And I feel like crap.
And my knees hurt.
And I’m irritated with myself for gaining 10 pounds back.
But! And this is the huge caveat for myself: BUT, I am not in a self-loathing moment. And that is saying a lot for me.
Sure, I’m frustrated but it’s more about not managing my time correctly than it is about feeling ugly about my body. Because I don’t. I don’t hate my body. I DO hate it when my knees hurt and I DO hate it when I’m tired but I don’t hate my belly or my ass or my thighs. That’s a WIN.
I have been geeking out a lot lately. Working on various web projects, working overtime at work, and reading. I don’t manage my time effectively! And there might be a dash of avoidance in all of this geekery I’ve been pursuing lately.
It occurred to me that losing weight takes a lot of energy. Not just to work out regularly but to make and plan meals and to just stop and think every single time you are about to put something in your mouth. Having to focus on yourself so much is uncomfortable if you are a girl like me who lives in “people pleasing” mode where I am the last in line for my own energy.
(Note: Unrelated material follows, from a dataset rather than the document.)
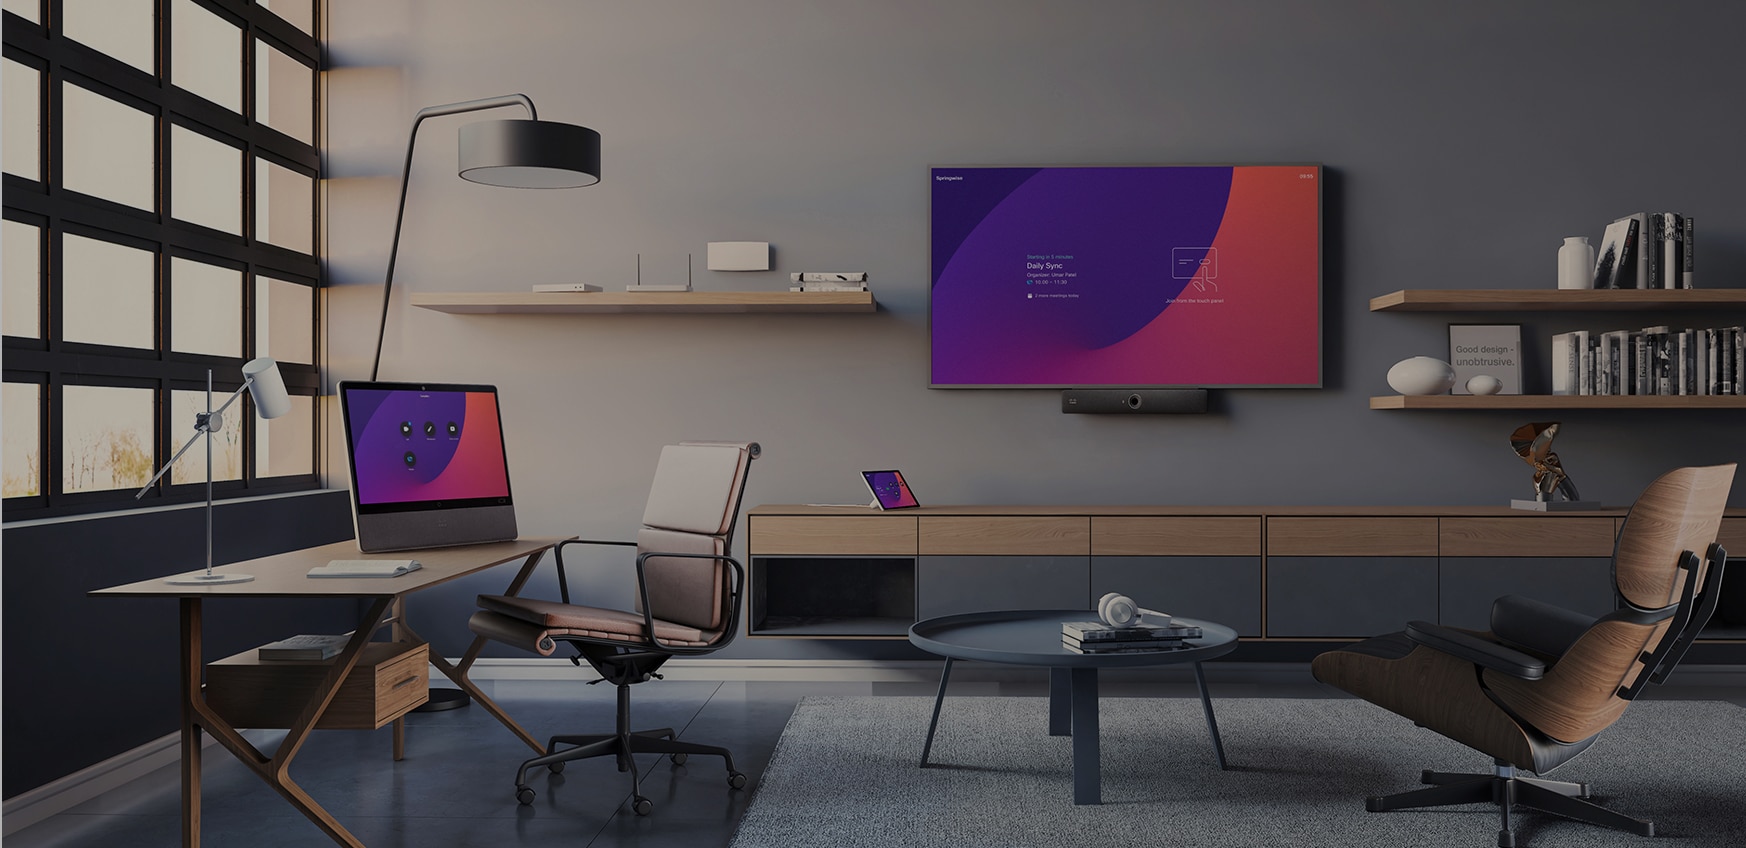 A dedicated office featuring a Webex Desk and a Webex Room Bar video bar.

This week, I am going to plan my time and see what happens. I am going to plan my meals, make a workout schedule, plan my snacks, and slot some much-needed time to geek out. I think if I have a schedule and stick to it, I’ll be more likely to get back on my plan. We’ll see.
Tonight when I fix dinner, I’ll lay out my lunch for tomorrow. Cause everything is about double duty, right? While making dinner, you fix lunch for the next day. While working out on the bike, you jot down ideas in your notebook for new web projects. While updating your blog, you are catching up on listening to your favorite podcasts.
I hear Montel Jordan in the background: “This is how we doooo it.”